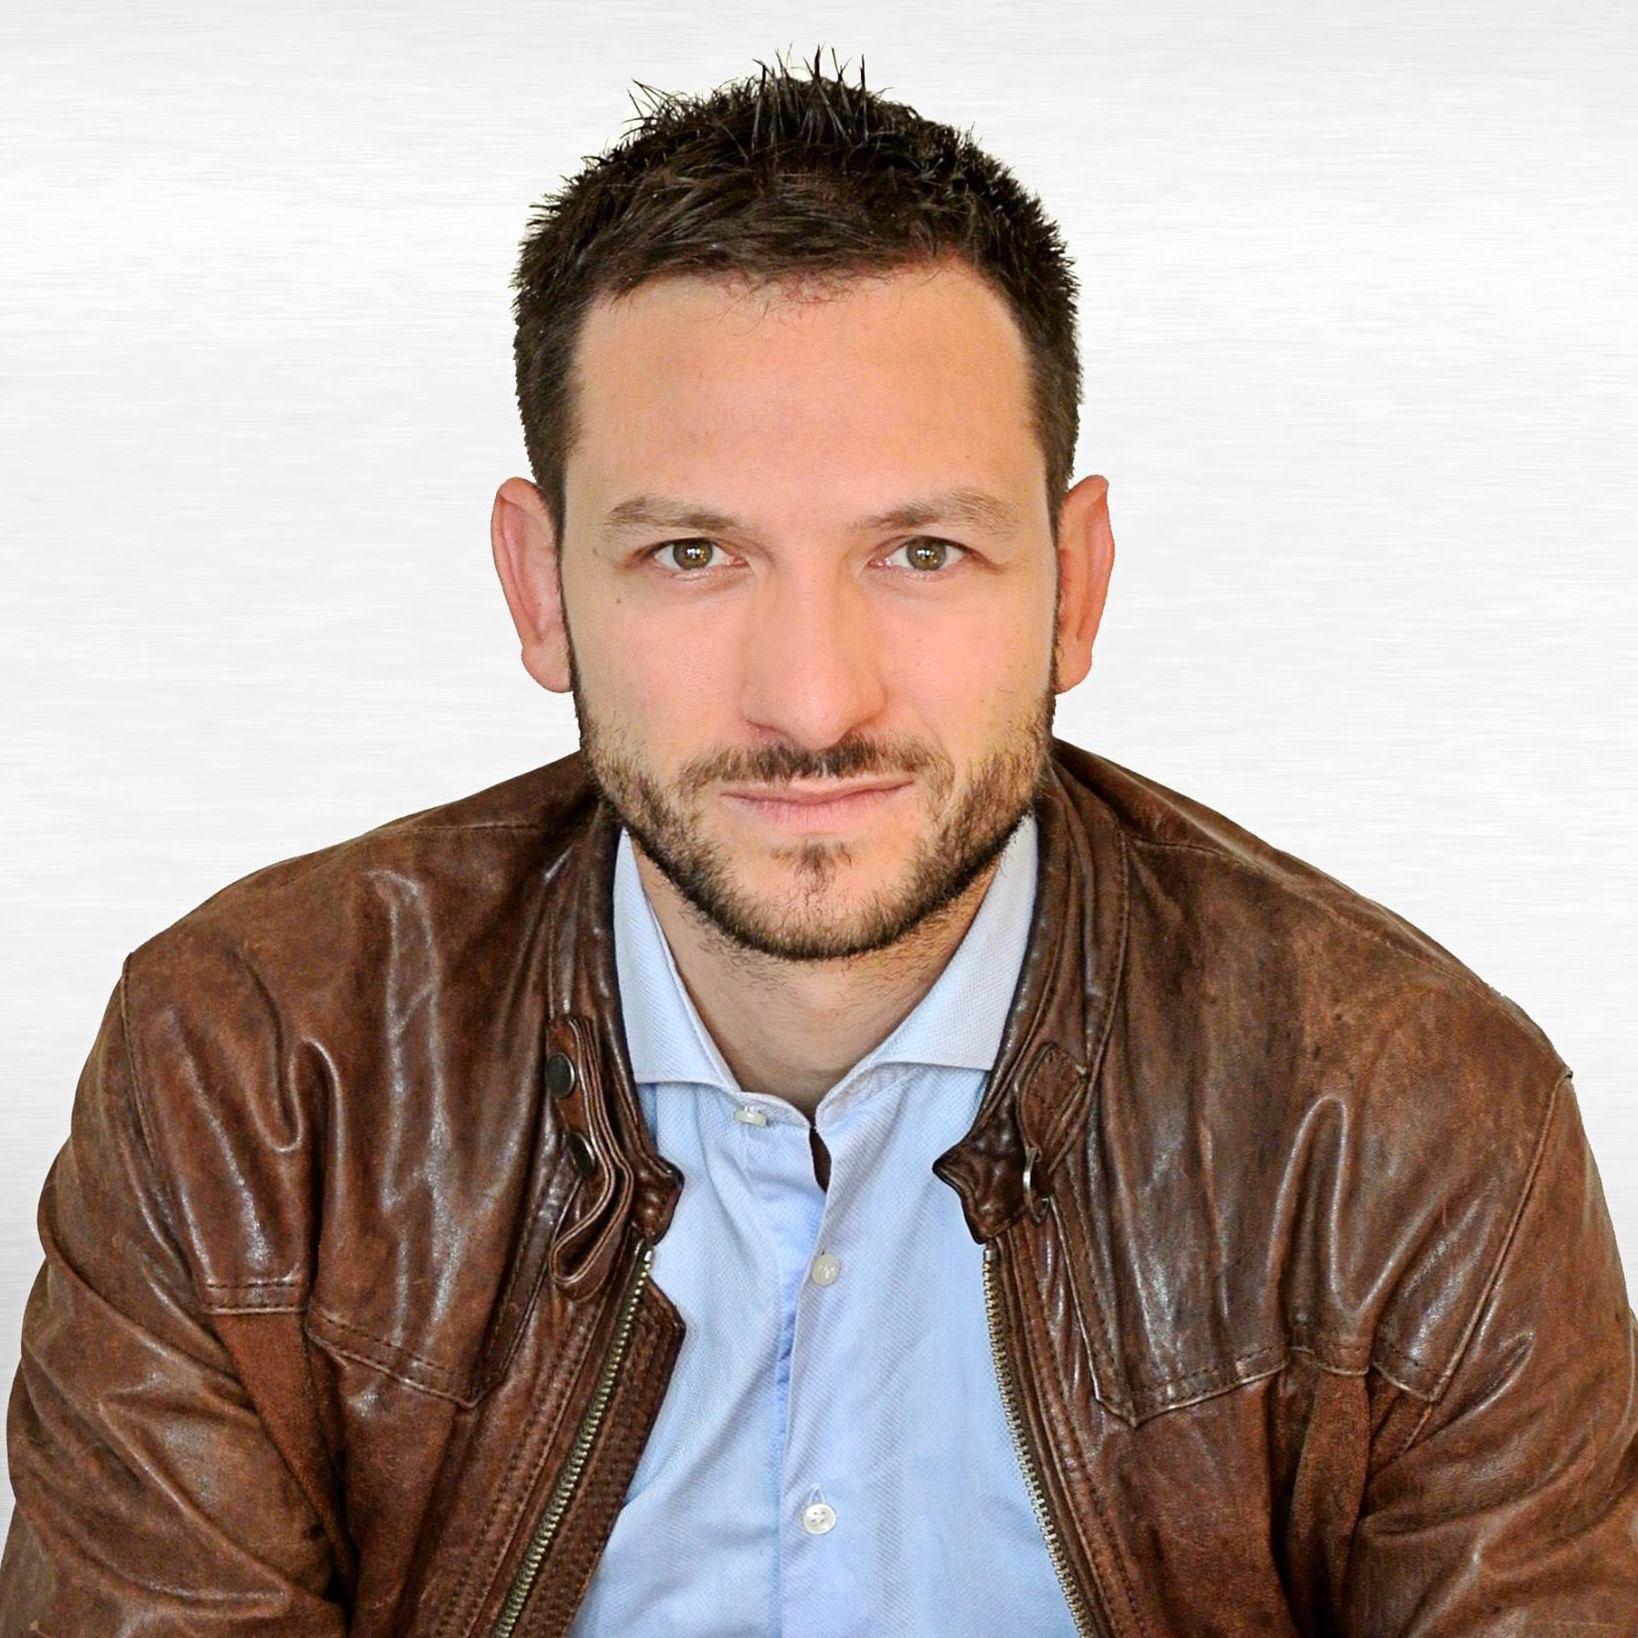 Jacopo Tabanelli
==
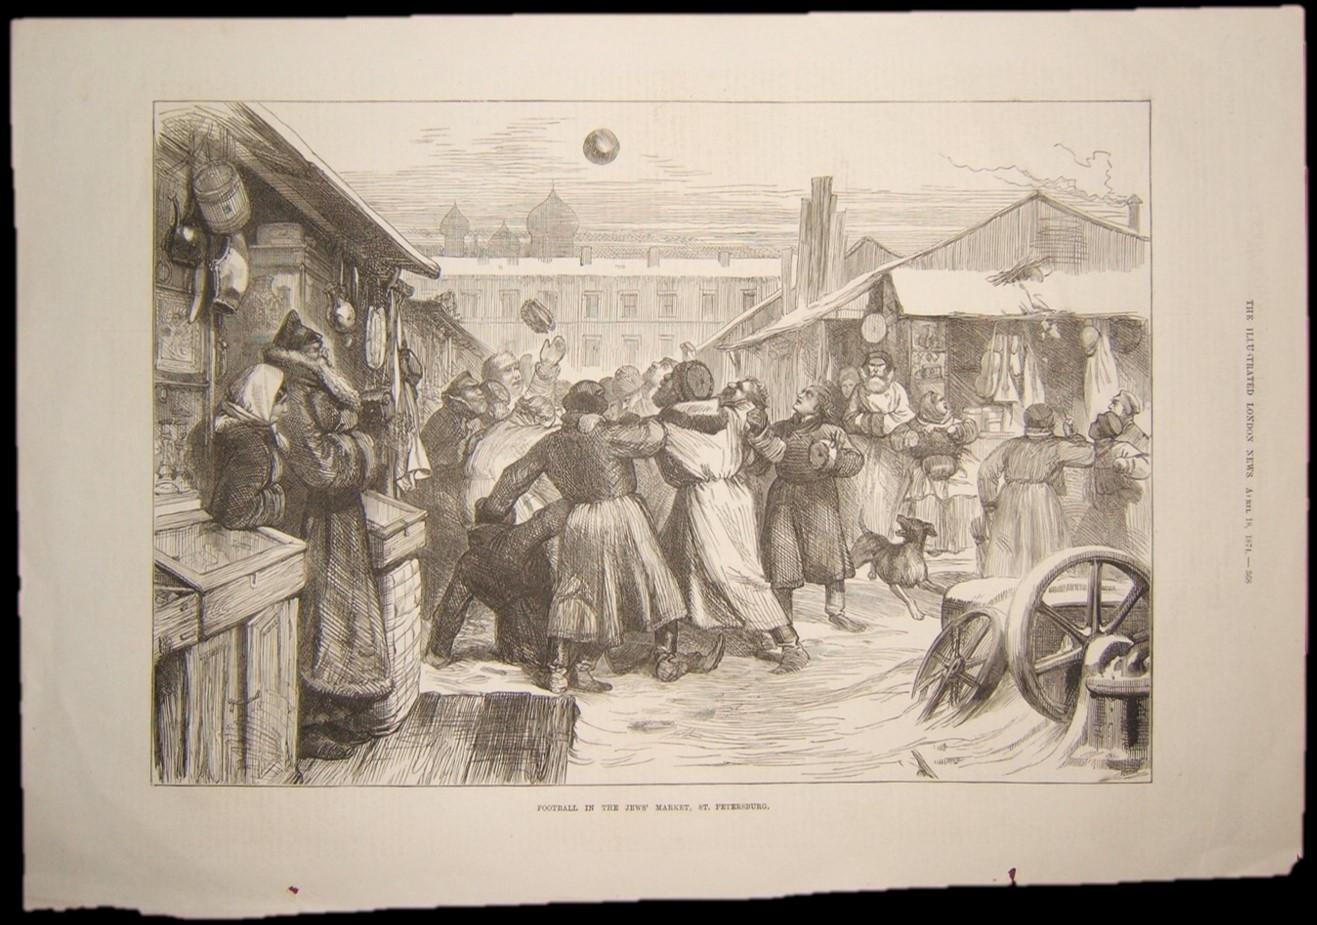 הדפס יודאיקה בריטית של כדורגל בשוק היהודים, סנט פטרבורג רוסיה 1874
* * *
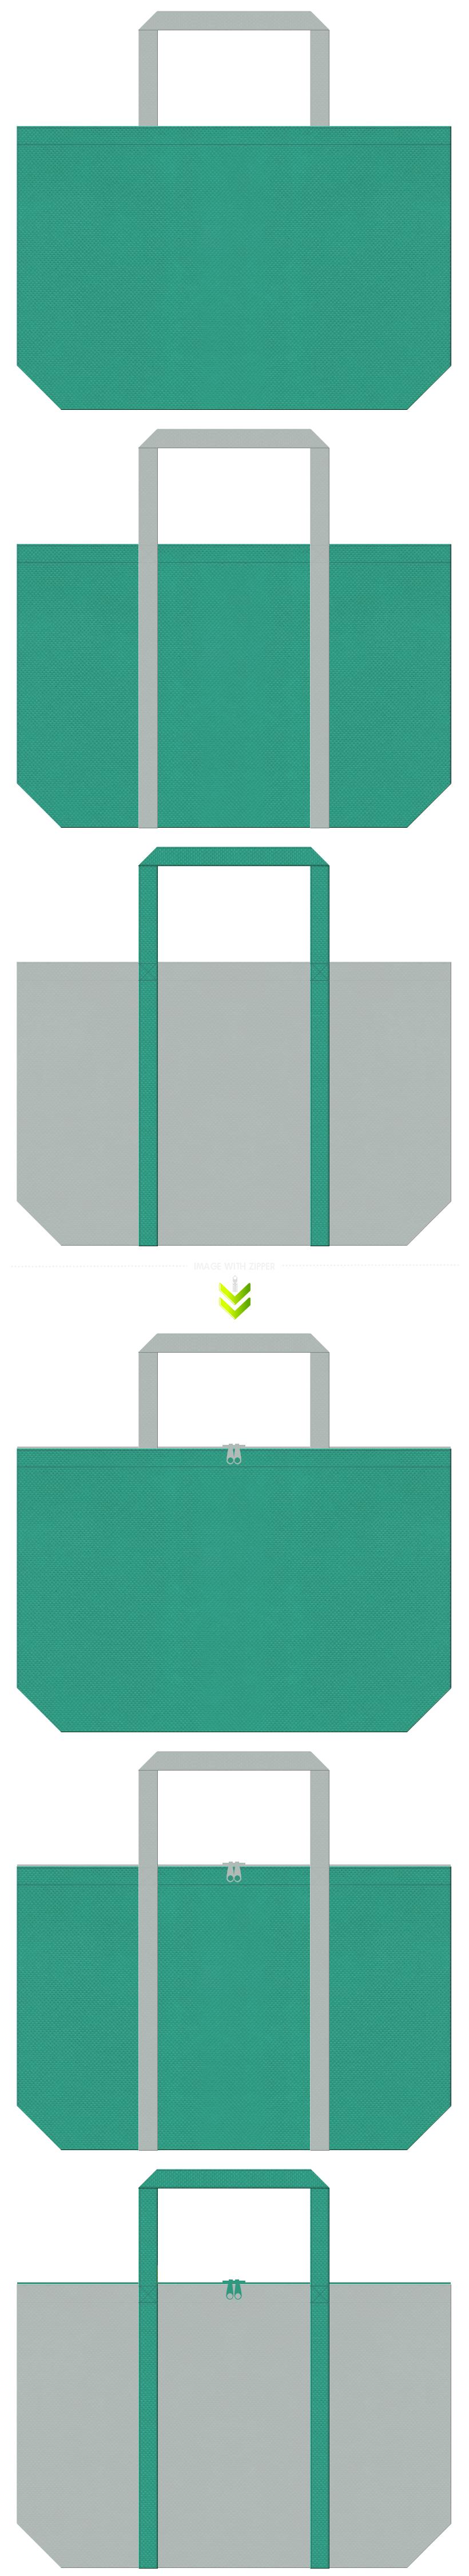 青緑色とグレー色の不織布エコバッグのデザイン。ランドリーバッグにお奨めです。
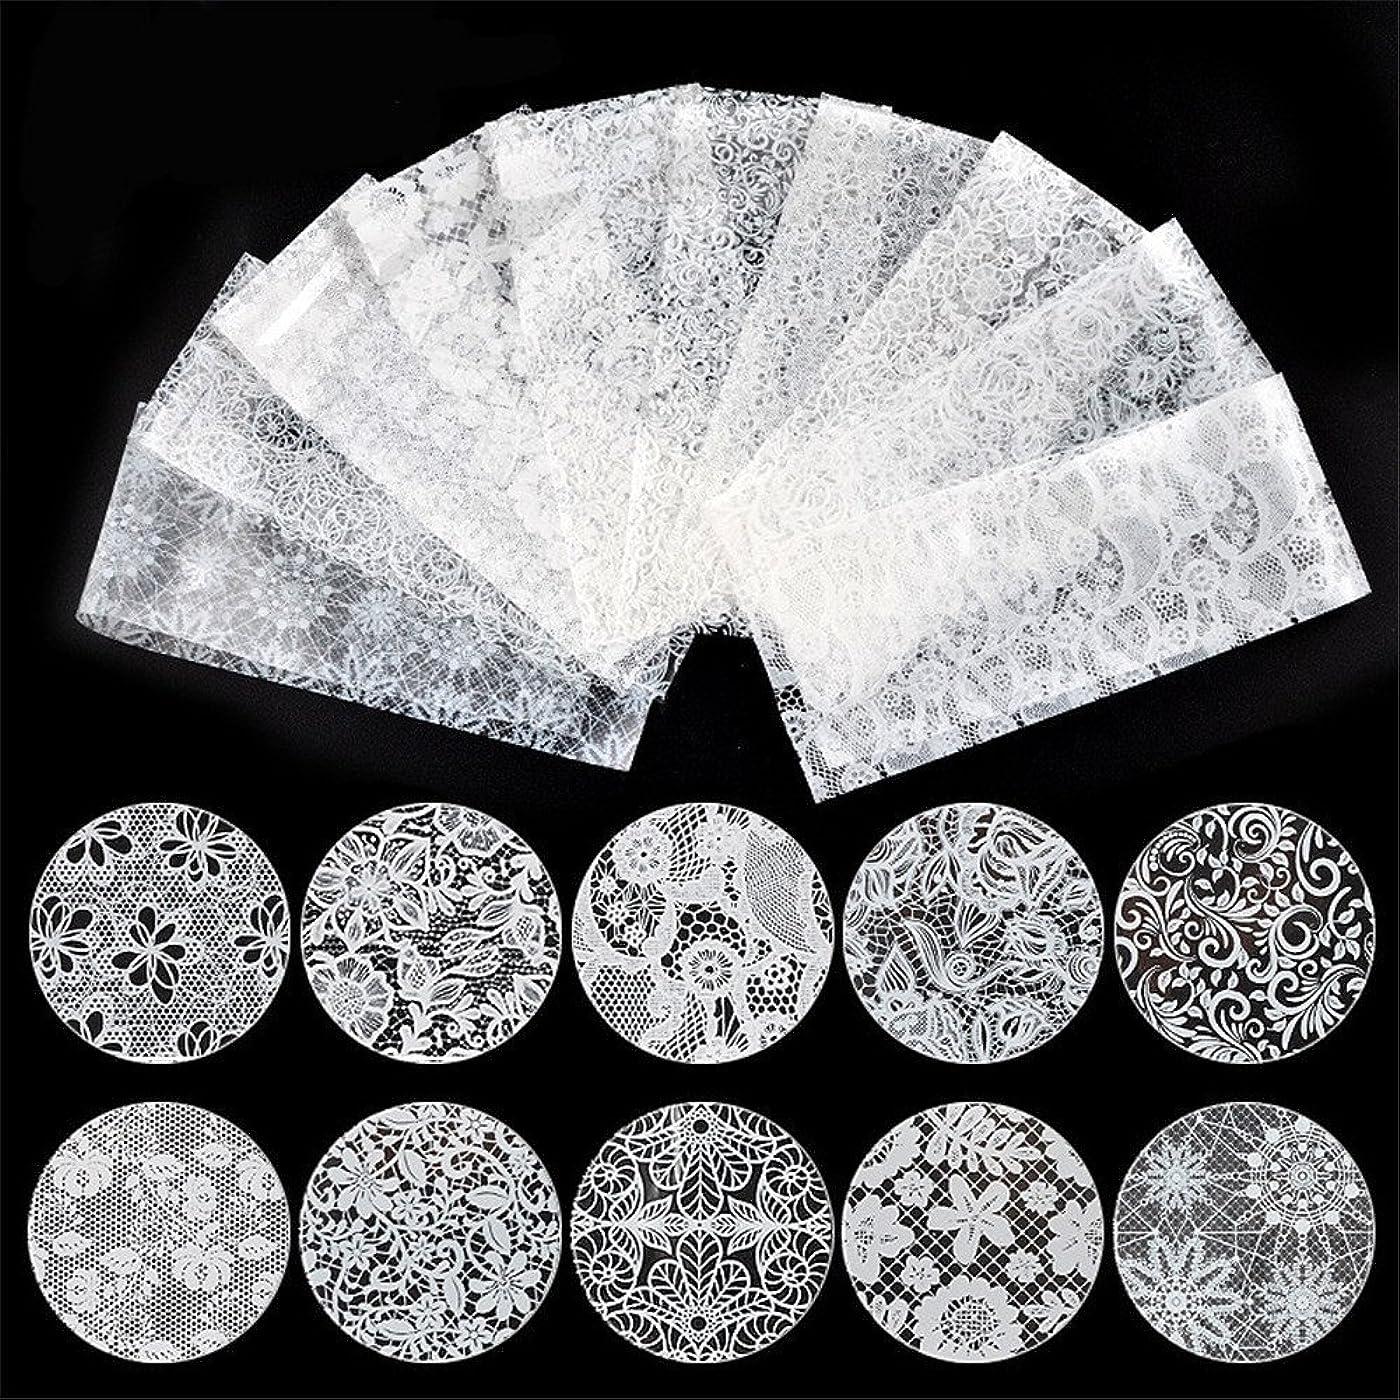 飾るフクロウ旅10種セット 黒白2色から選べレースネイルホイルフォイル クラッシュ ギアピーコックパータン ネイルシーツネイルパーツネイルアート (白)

§ **What to produce**: Starting with the line that has "青緑色とグレー色の不織布エコバッグのデザイン。ランドリーバッグにお奨めです。" and ending with the line that has "飾るフクロウ旅10種セット 黒白2色から選べレースネイルホイルフォイル クラッシュ", repeat the lines above exactly, omitting every picture.

§ **Result**:
 青緑色とグレー色の不織布エコバッグのデザイン。ランドリーバッグにお奨めです。
 飾るフクロウ旅10種セット 黒白2色から選べレースネイルホイルフォイル クラッシュ ギアピーコックパータン ネイルシーツネイルパーツネイルアート (白)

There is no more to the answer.